Невидимые руки - Стиг Сетербаккен
Шрифт:
Интервал:
Закладка:
И тогда я подумал, что по этой причине она и решила не оставлять нас наедине. Она хотела быть в курсе нашего разговора. Хотела узнать все, что мне удалось выяснить. А также удостовериться, что ее муж, этот большой ребенок, случайно не проболтался и не сказал лишнего. Она не была уверена, что он сам сможет выкарабкаться из трудного положения. Она была здесь, потому что не хотела рисковать, не хотела упустить ни слова из нашей беседы. Она была готова вмешаться, если это станет необходимо, и немедленно пришла бы ему на помощь в любой момент.
Я подумал, что по этой причине я так и не смог ничего добиться от них. Она прощала этому большому ребенку все. Она знала, кто из них сильнее. Знала, что простит ему все его будущие глупые выходки и проступки. Она сидела здесь, как на страже, готовая встать на защиту человека, который попытался отпилить ей ноги. Семья была для нее важнее всего. Семья, хозяйкой которой была она, а не он.
В глубине дома прозвенел звонок. Вскоре появился лакей, подошел к дверям и широко распахнул их. Вошли слуги и начали расставлять на столе бутылки с вином. Раздался еще один звонок, и лакей выжидающе посмотрел на хозяина.
— Еще не время, Магнус! — остановил его Гюнериус.
Я понял, что ничего не добьюсь. Их мир был закрыт для меня. Факелы, вазы с цветами, стол с крахмальной скатертью, беготня слуг вокруг — все это стояло непробиваемой стеной между ними и мной.

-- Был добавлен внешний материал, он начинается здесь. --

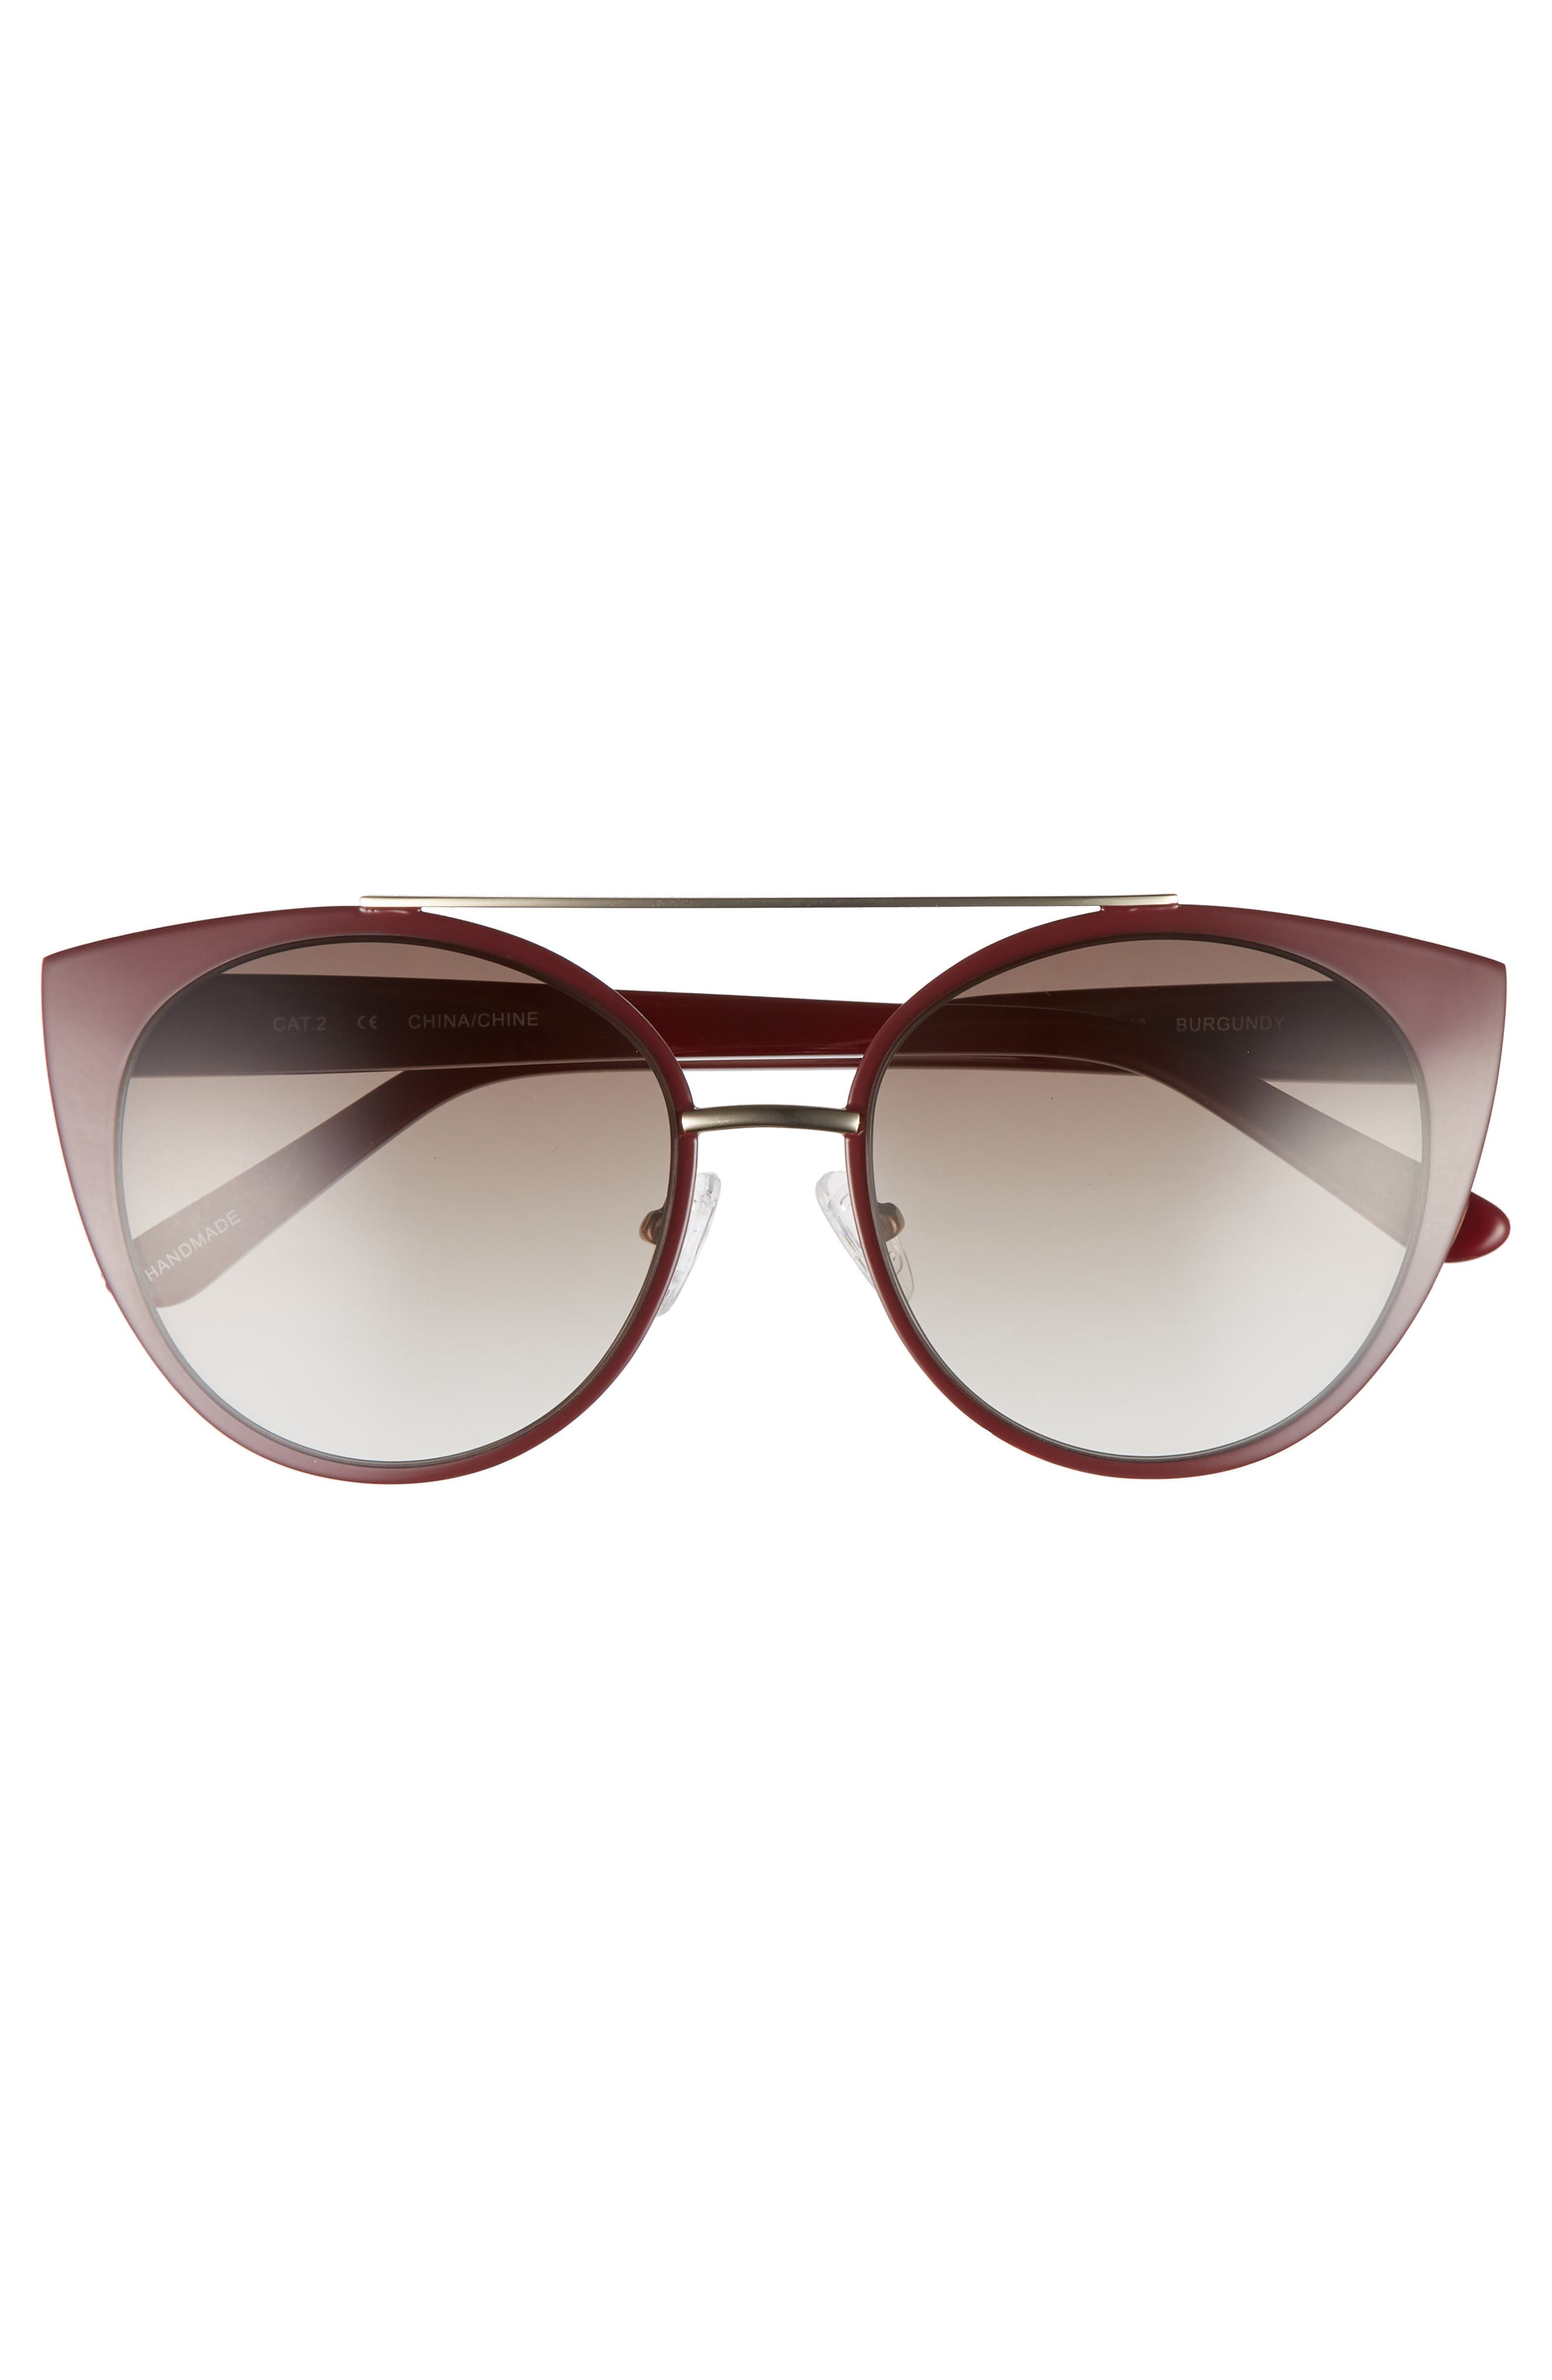 Amelia 53mm Aviator Sunglasses,                             Alternate thumbnail 3, color,                             930

Повара в красных клетчатых штанах с белыми колпаками на головах один за другим проносили большие блюда, закрытые фольгой. Казалось, это была съемка рекламного ролика. Супруги Гюнериус терпеливо ждали, когда я оставлю их в покое и уйду. Они не могли допустить, чтобы их надежный уютный мир рухнул. Они хотели продолжать жить, как жили, и ничто не могло им помешать, посеять между ними рознь. Все будет, как раньше. Она будет контролировать его жизнь, пока он не изуродует ее в очередной раз. Потом он будет просить прощения, и она его простит и опять вернет себе самый жесткий контроль над семейными делами, и так до следующего «несчастного случая». Он властвовал над ней только тогда, когда терял самообладание. Он был в принципе послушным ребенком и, как все послушные дети, иногда выходил из себя, выпуская скопившийся внутри пар. Она его иногда побаивалась, что было вполне естественно, но обычно он плясал под ее дудку. Я подумал, что для него это было своего рода развлечением, ведь он привык командовать подчиненными, а сам безоговорочно подчинялся своей маленькой худенькой жене.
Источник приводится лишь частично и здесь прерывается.